The minister said that if the Inspectorate “deems it necessary” to close functional units “for the safety and quality of patient care then that’s what they have to do. If different arrangements need to be made … then that’s what we have to do, but we have to ensure a quality level of health care that doesn’t drop. We cannot allow this to continue.”
On Wednesday, the Minister stuck to his position that as long as he holds his current function he will do what is necessary to guarantee quality care at SMMC. He also told reporters at the Council of Ministers press briefing on Wednesday that the Inspectorate of Public Health was an independently functioning body that was not obligated to inform him of every decision it made.
He was alluding to a press release he had issued on Sunday regarding the SMMC issue. The Inspectorate had placed SMMC under higher supervision on Saturday.
De Weever said the Inspectorate was free to issue “sanctions” against SMMC if it considered it necessary. “They are free to do so. They do not necessarily have to communicate with me about that, because they act on their own,” he said. “If I have to interfere in everything that the Inspectorate does, I’ll be doing their job. That’s the reason for the Inspectorate being independent.”
On the issue of corporate governance, De Weever said he had expressed his belief from the inception of his “amicable meetings” with SMMC that the Corporate Governance Council should be involved to some degree, “because we are a country as of 10/10/10 and their involvement, I believe, is essential as well.”
The minister said that whether the Corporate Governance Council or Corporate Governance Code was used, “I believe that would be doing things the right way.”
He said the Corporate Governance Council had been asked in a letter dated May 7 about its role and involvement with the medical centre and articles of incorporation. A response was received on September 11. He also spoke about letters dated July 19 and July 21.
He said, “Those who believe it [SMMC, ed.] is a private foundation and that in their opinion they can even have their lawyers make statements to me, it is okay. I have responsibility as Minister of Public Health to make sure the safety of the people of St. Maarten and if I can’t do my job …
“While I sit on this chair this will not happen. This will not happen as long as I am sitting in this chair and I need to make this extremely clear to everyone. That’s my job and that’s what I have to do and I will not apologise for doing my job. If I have to end up in court then so be it.”

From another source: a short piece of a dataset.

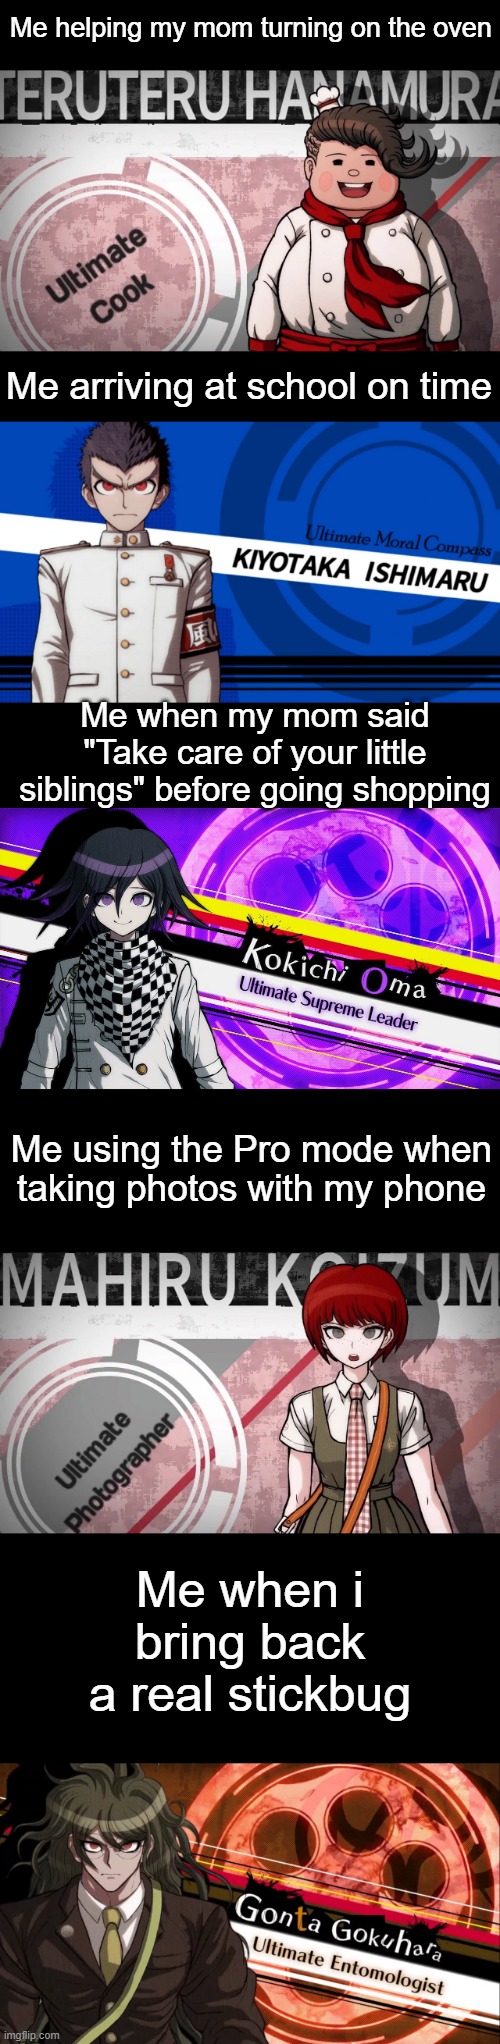 Danganronpa Ultimate Memes pt.2 | Me helping my mom turning on the oven; Me arriving at school on time; Me when my mom said "Take care of your little siblings" before going shopping; Me using the Pro mode when taking photos with my phone; Me when i bring back a real stickbug | image tagged in danganronpa | made w/ Imgflip meme maker

Responding to statements questioning why he had not been called to Parliament, the minister said he had been called to Parliament.
He said he never had requested that the Supervisory Council members resign, but rather had requested in a letter dated August 31 that they “reconsider their positions,” which he said was different from requesting that they resign.
“You can interpret it or misinterpret it. I did what I felt was the best choice. If I ask you to reconsider you can reconsider or not. I think it warranted them to reconsider, because of the process and the way it was done,” he said.